— Муж её тоже хвалит, — апатично согласилась Мэгги, передавая нож кухарке. — Фло, где ты бегаешь, негодница?
Маленькая девочка с двумя длинными косами по плечам тут же возникла на пороге.
— За яйцами сходи. Не разгневается же на нас Господь из-за пары яиц, — вздохнула графиня.
У двери на хозяйственный двор, хлопавшей в тот день, пожалуй, чаще, чем в любой другой день в году, ну, разве кроме Пасхи, Флоренс столкнулась с одной из служанок, выбивавших ковры.
— Хозяин приехал! — выпалила она и прошмыгнула на кухню.
Укутавшись в тёплый платок, Фло прошла к широкой каменной лестнице, ведущей к массивной парадной двери. Конюх уже прогуливал лошадь брата, а сам он, занеся ногу на первую ступеньку, выслушивал торопливый доклад управляющего.
— Мать здорова? — Заметив сестру, спросил Роланд.
— Здорова. Мэгги здесь, — почему-то сочла нужным добавить девочка.
— Маргарет? А она-то что тут делает? — нахмурился граф. — Только не говори мне, что сюда с минуты на минуту явится её разгневанный муж!
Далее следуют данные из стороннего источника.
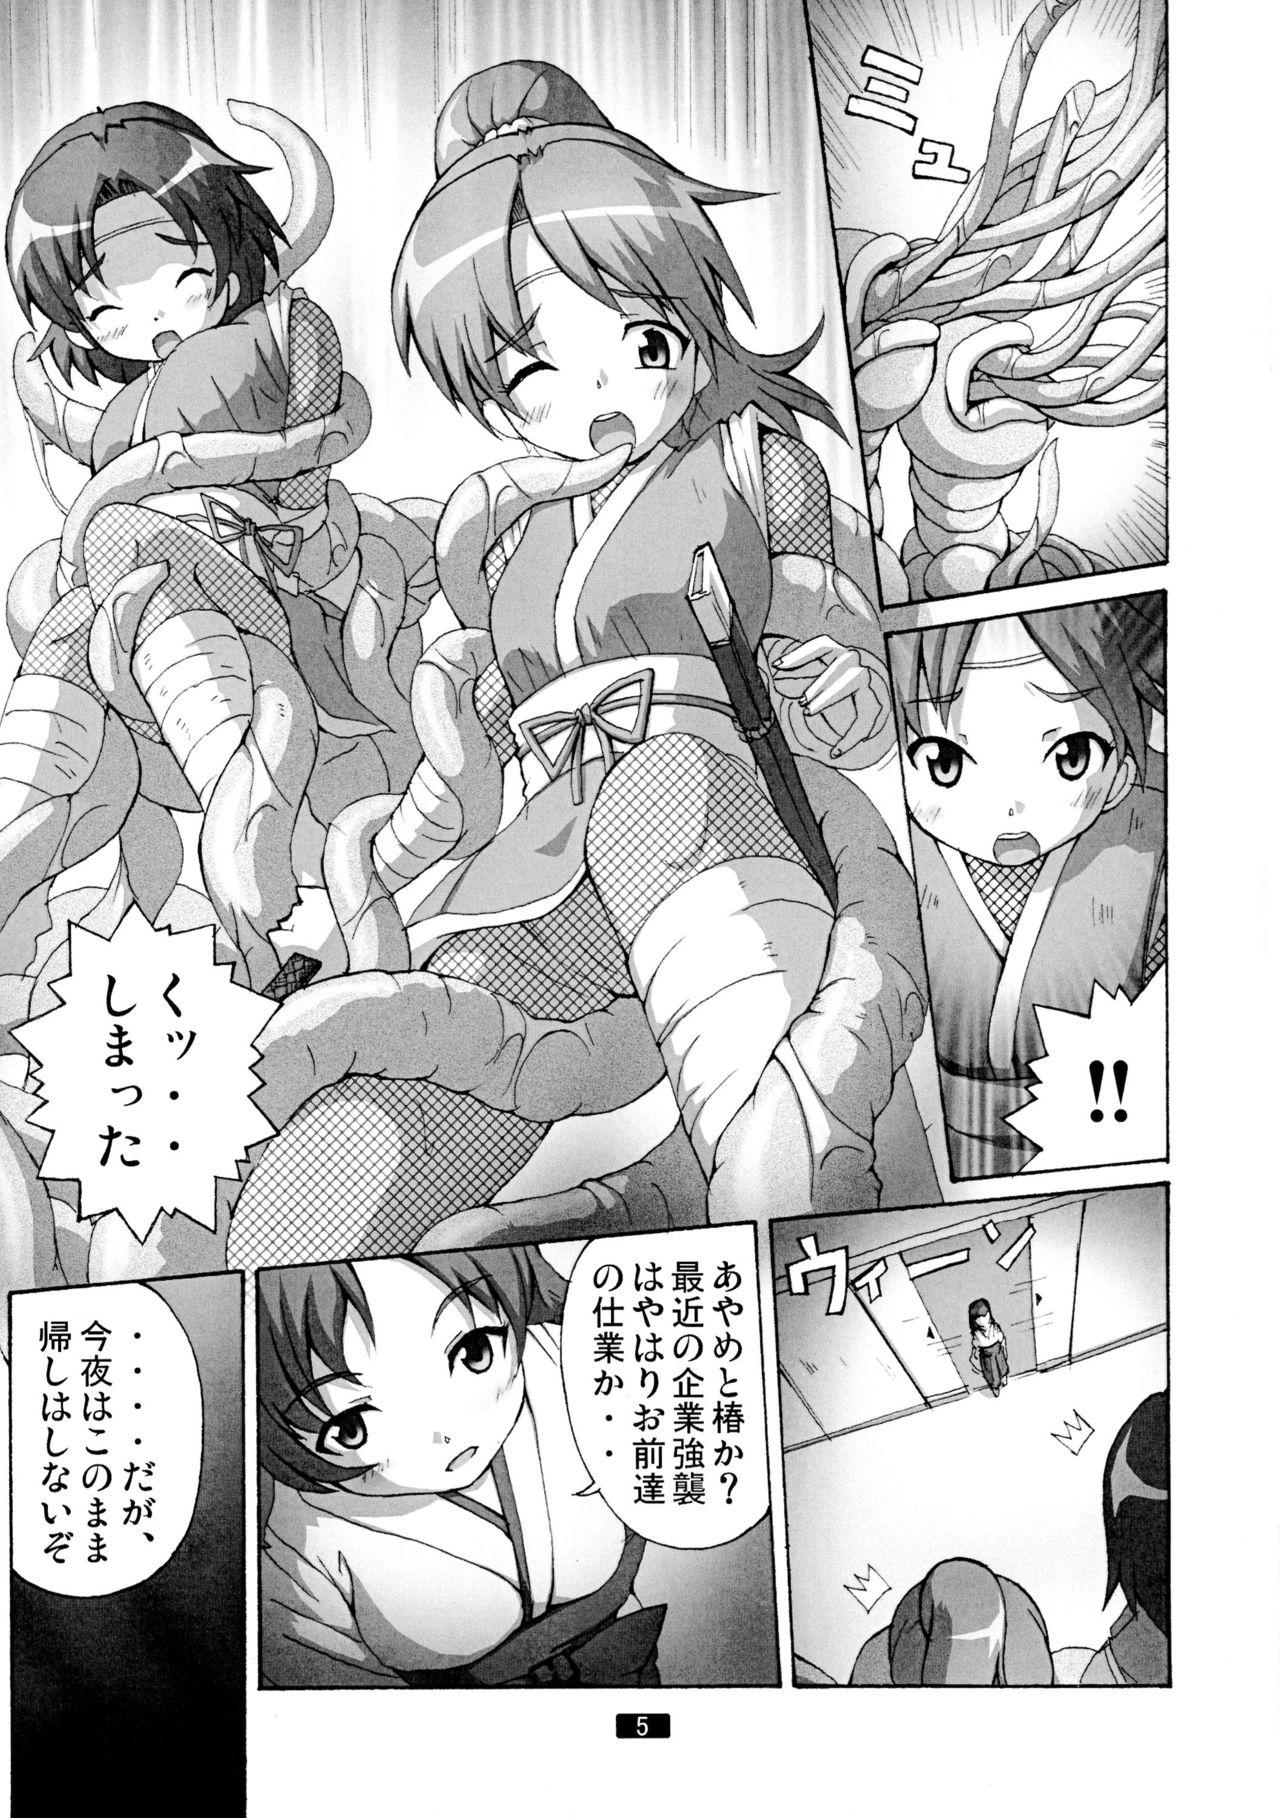 Anime Kaiun no Taimashi Nozomi 5 1/ 2 Highschool - Page 5

Так какого черта, Фло?
— Не знаю. Она сказала, он отпустил её до Водосвятия.
— Ладно, увижу, сам всю правду узнаю. А ты, разиня, чем стоять тут и пялиться на меня, сказала бы матери, что я приехал.
— Она уже знает, — ответила Флоренс и, пятясь, бочком проскользнула назад. Брат, кажется, в хорошем настроении, но лучше бы отсидеться от греха подальше в курятнике.
Когда она вернулась с долгожданными яйцами, мать на кухне рвала и метала.
— Где ты шляешься, лентяйка? — Розмари дала ей звучную пощёчину и забрала яйца. — Куда пошла? — крикнула она, заметив, что дочь попыталась незаметно улизнуть из кухни. — Ты останешься здесь и поможешь Мадолене с пирогом. Потом сделаешь закуску из свёклы, только не переборщи с чесноком и перцем! И обязательно попробуй соус к рыбе перед тем, как его подать.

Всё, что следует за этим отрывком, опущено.